С течением дней чувствительность моего тела медленно, но верно восстанавливалась, и каждый новый симптом оживления вызывал у Эндрюса буквально фанатический интерес. С чрезвычайным тщанием он проверял мой пульс и сердечный ритм, при этом имея вид холодно-аналитический и уж никак не участливый. Временами в ходе этих проверок я замечал у него легкую дрожь в руках, крайне необычную для столь опытного хирурга; но он, похоже, не обращал внимания на мои испытующие взгляды. Все это время мне не дозволялось даже мельком взглянуть на собственное тело, которое с постепенным возвращением чувствительности казалось мне непривычно громоздким и нескладным.
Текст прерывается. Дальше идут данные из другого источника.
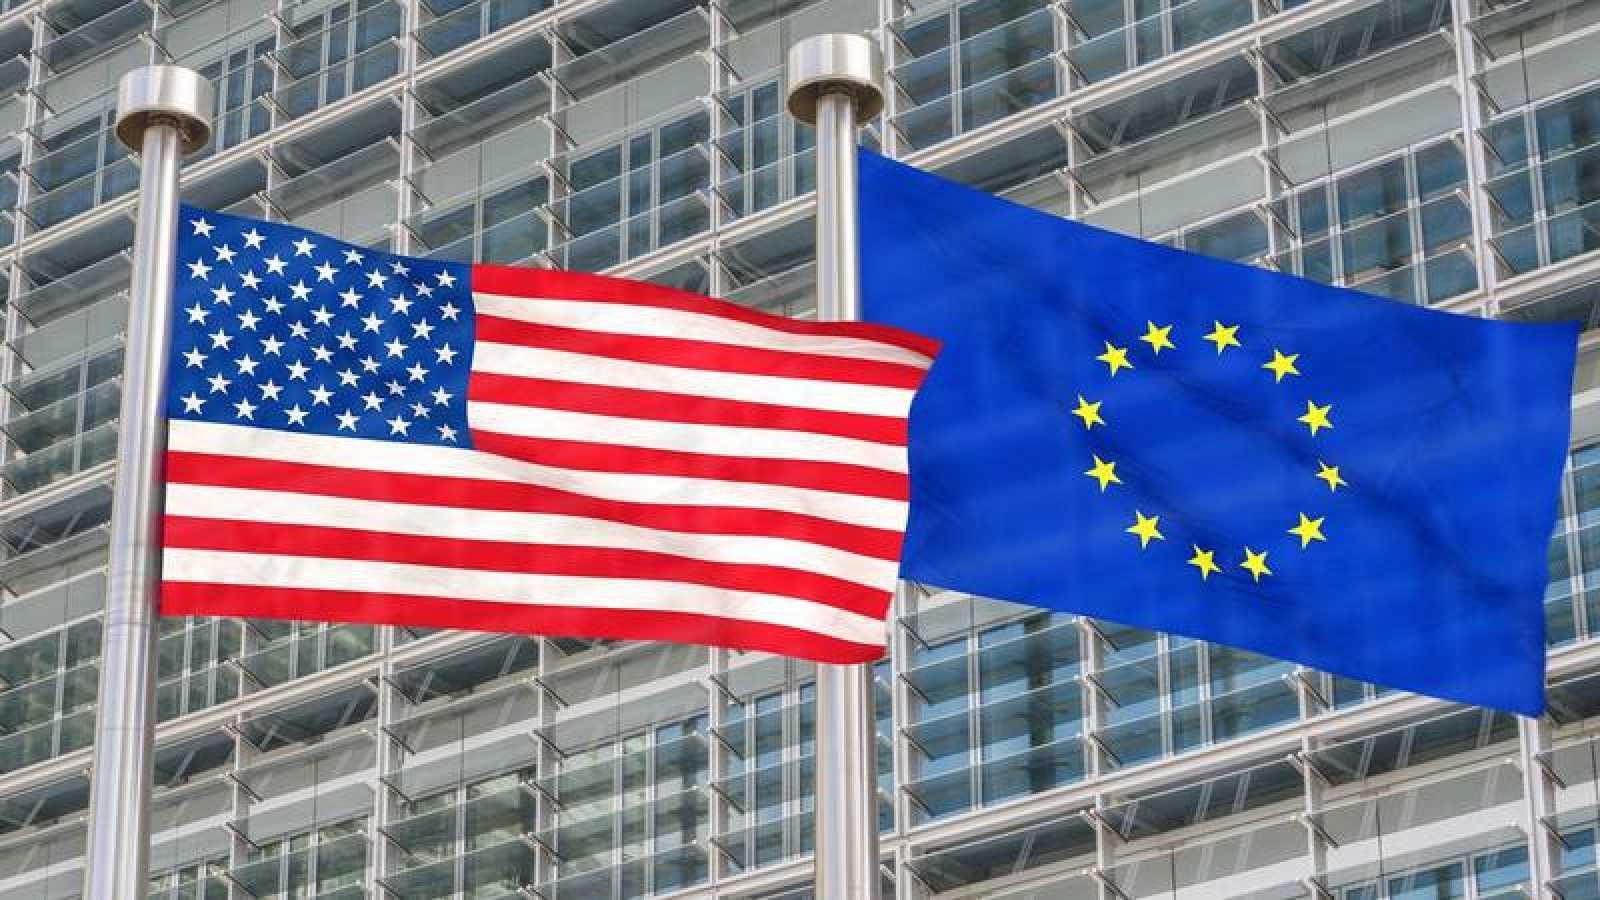 La UE y EEUU acuerdan una reducción mutua de aranceles | RTVE.es

Понемногу я начал шевелить пальцами и двигать руками, но это отнюдь не избавило меня от ужасного ощущения физической чужеродности. Мои конечности плохо подчинялись приказам мозга и двигались неуверенно, судорожными рывками. Руки мои были столь неуклюжими, что мне пришлось заново к ним привыкать, осваивая простейшие движения. Я полагал причиной тому мою болезнь и распространение заразы по всему организму. Но мне было сложно об этом судить, не имея четкого представления о ранних симптомах (своего брата я застал уже на более поздней стадии болезни); Эндрюс же отказывался обсуждать со мной эти вопросы.
Однажды я спросил Эндрюса — тогда уже не считая его своим другом, — можно ли мне приподняться и сесть в постели. Он решительно воспротивился, но еще через несколько дней все же дал разрешение, при этом настояв на том, чтобы я был по самое горло укутан одеялом во избежание простуды. Это требование выглядело довольно нелепым, поскольку в ту пору, с приближением зимы, комната хорошо отапливалась. Вообще говоря, о смене времен года я мог судить лишь по утренней прохладе да по свинцово-серым тучам, которые изредка замечал за окном, поскольку в поле моего зрения не было ни одного настенного календаря. Итак, Саймс осторожно помог мне приподняться, а Эндрюс бесстрастно наблюдал за нами, стоя в дверях своей лаборатории. Когда я наконец принял сидячее положение, по лицу его медленно расплылась зловещая улыбка, и он исчез в темном дверном проеме. В дальнейшем он даже не пытался хоть как-то способствовать моему восстановлению. Более того, старый Саймс, прежде такой внимательный и пунктуальный, также стал манкировать своими обязанностями, и я часами пребывал в полном одиночестве.
В сидячем положении пугающее чувство чужеродности лишь усиливалось. Ноги и руки меня почти не слушались, и каждое целенаправленное движение стоило мне изматывающего усилия воли. Прикосновения к чему-либо моих неловких пальцев совершенно не соответствовали моему внутреннему чувству осязания, и я тоскливо гадал, не придется ли мне прожить весь остаток дней в этом жалком состоянии, вызванном проклятой болезнью.